Instruction for the entries below: return the part that opens with the line containing "HCCH8068 - Turquoise Stone Dinner Plate" and closes with the line containing "Brown Faux Leather Bed Skirt", exactly, and no pictures.

▸ **Available records**:
=====

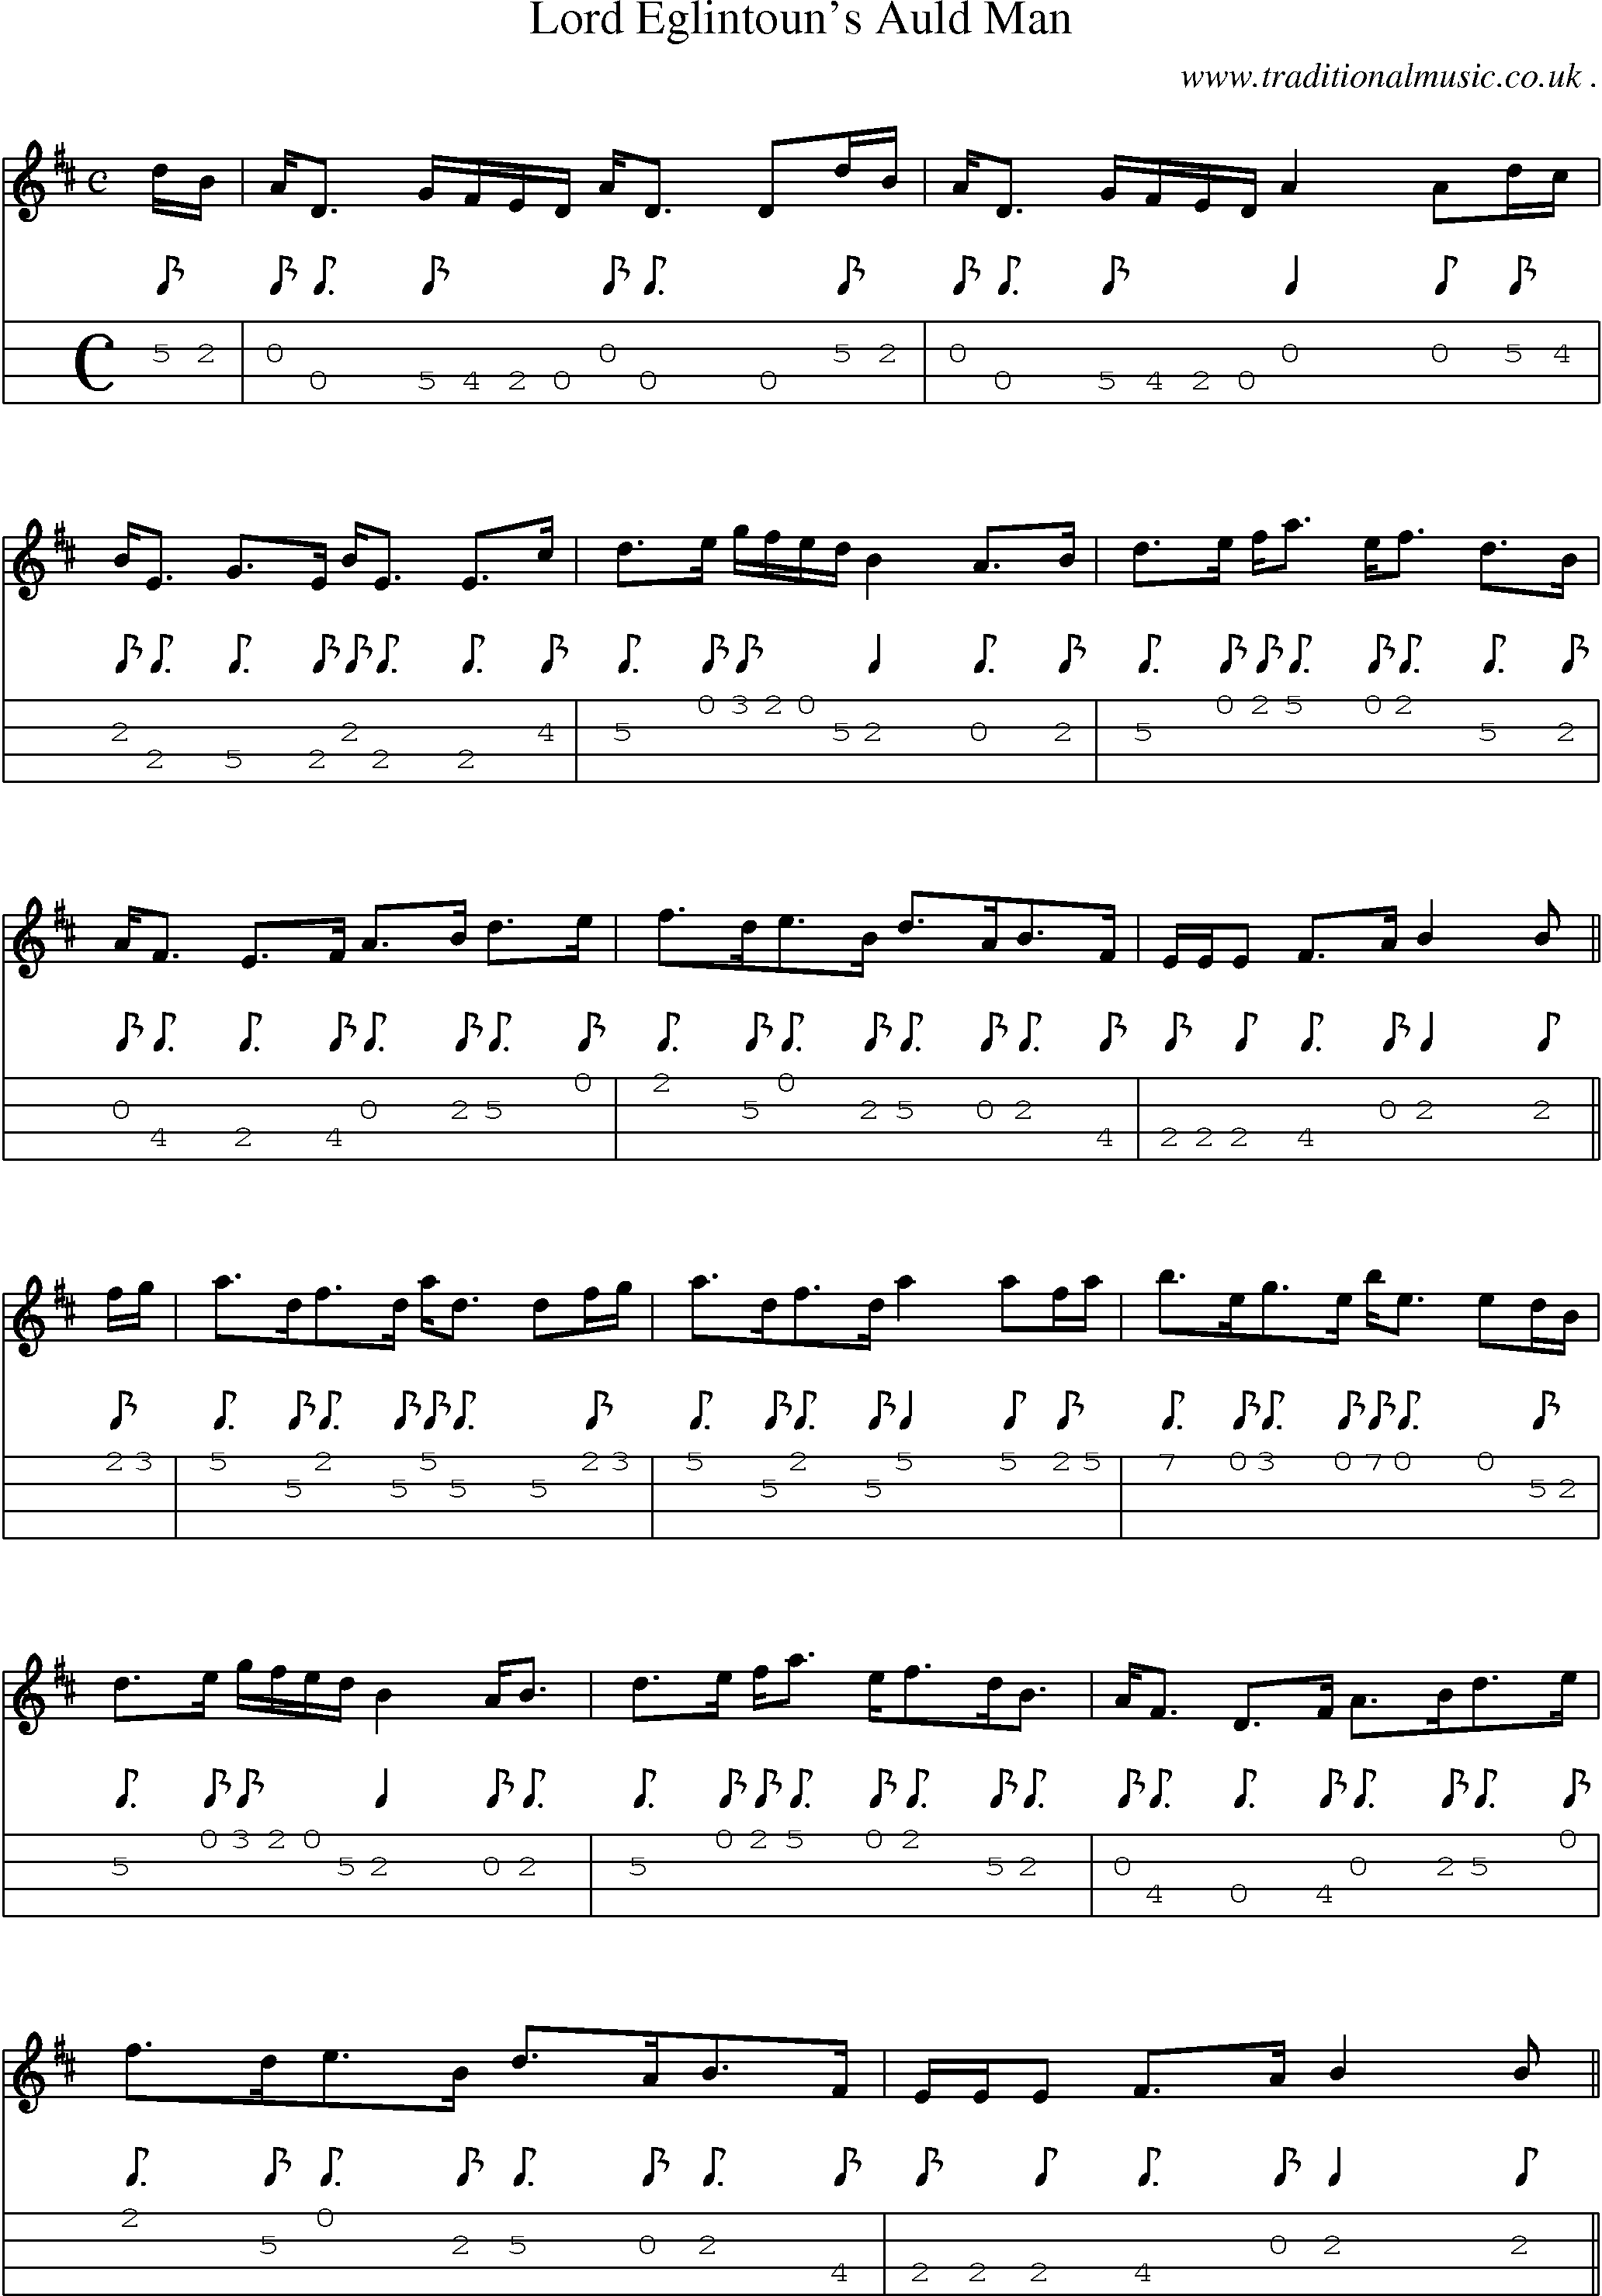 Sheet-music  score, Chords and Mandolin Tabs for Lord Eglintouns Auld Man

=====

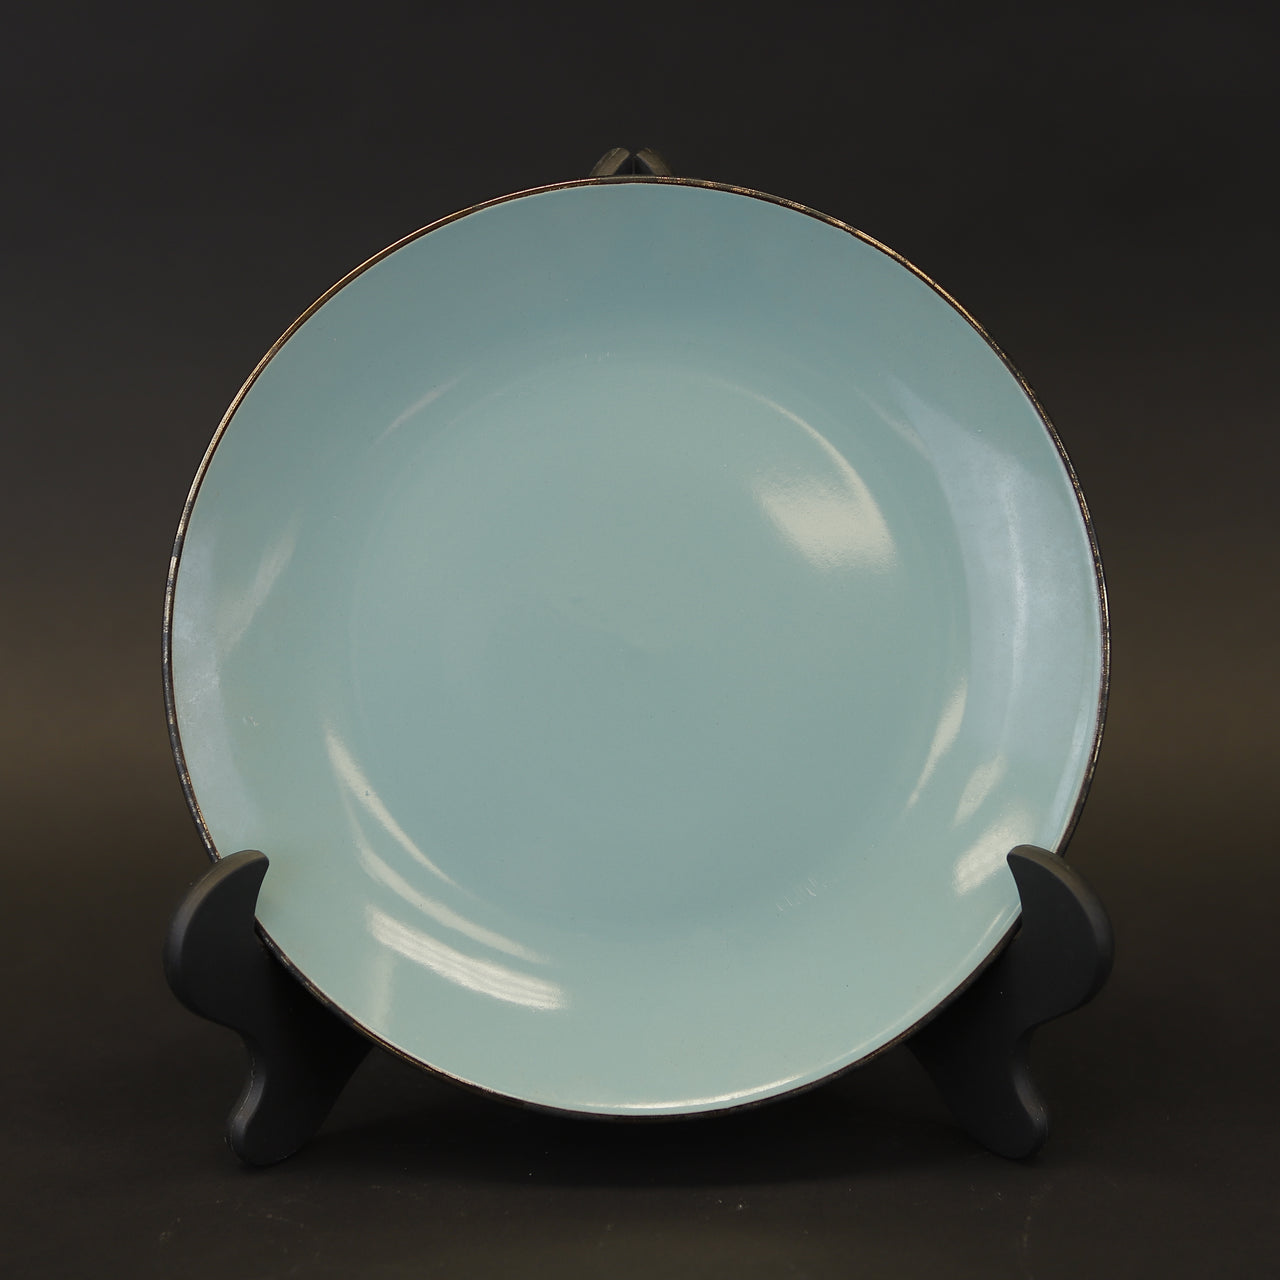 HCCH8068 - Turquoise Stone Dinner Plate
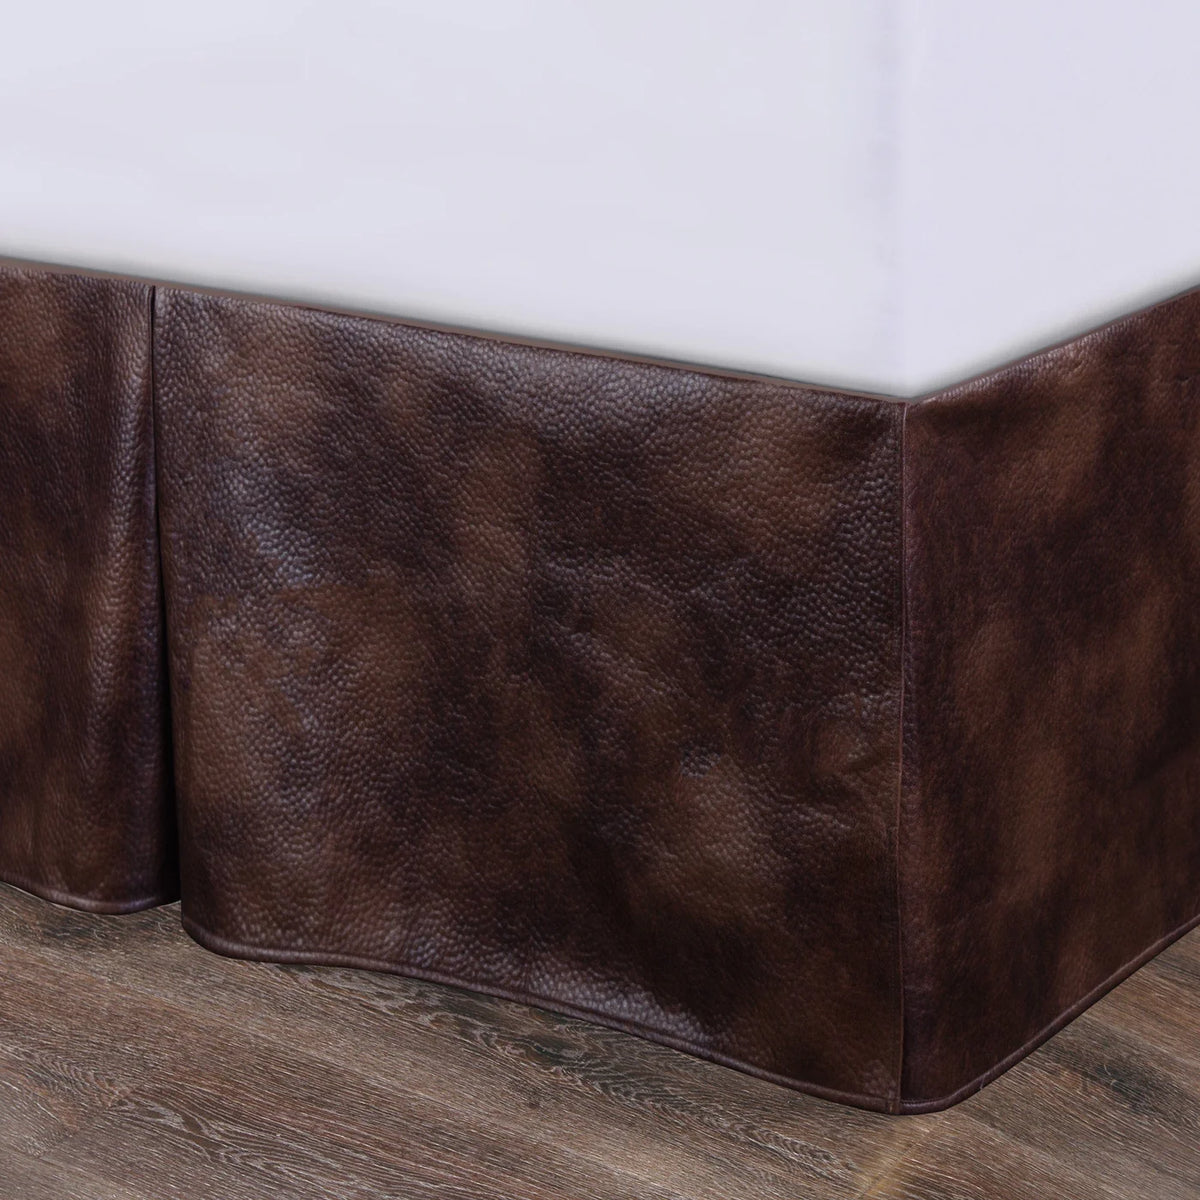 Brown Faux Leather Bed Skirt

=====

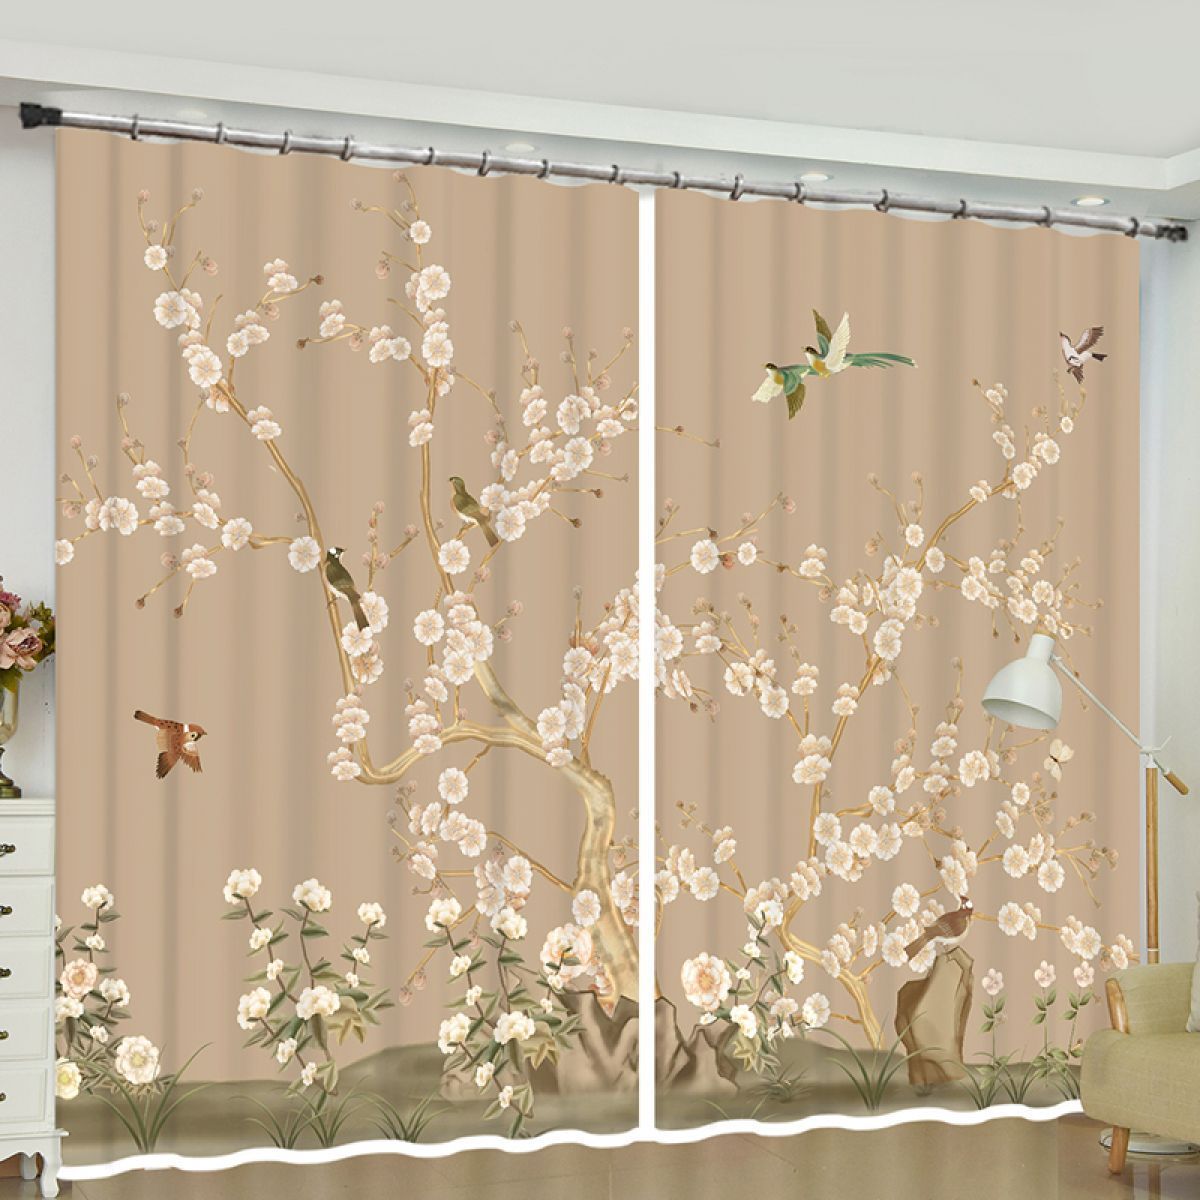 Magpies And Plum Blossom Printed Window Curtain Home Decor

=====

▸ **Worked solution**:
 HCCH8068 - Turquoise Stone Dinner Plate
 Brown Faux Leather Bed Skirt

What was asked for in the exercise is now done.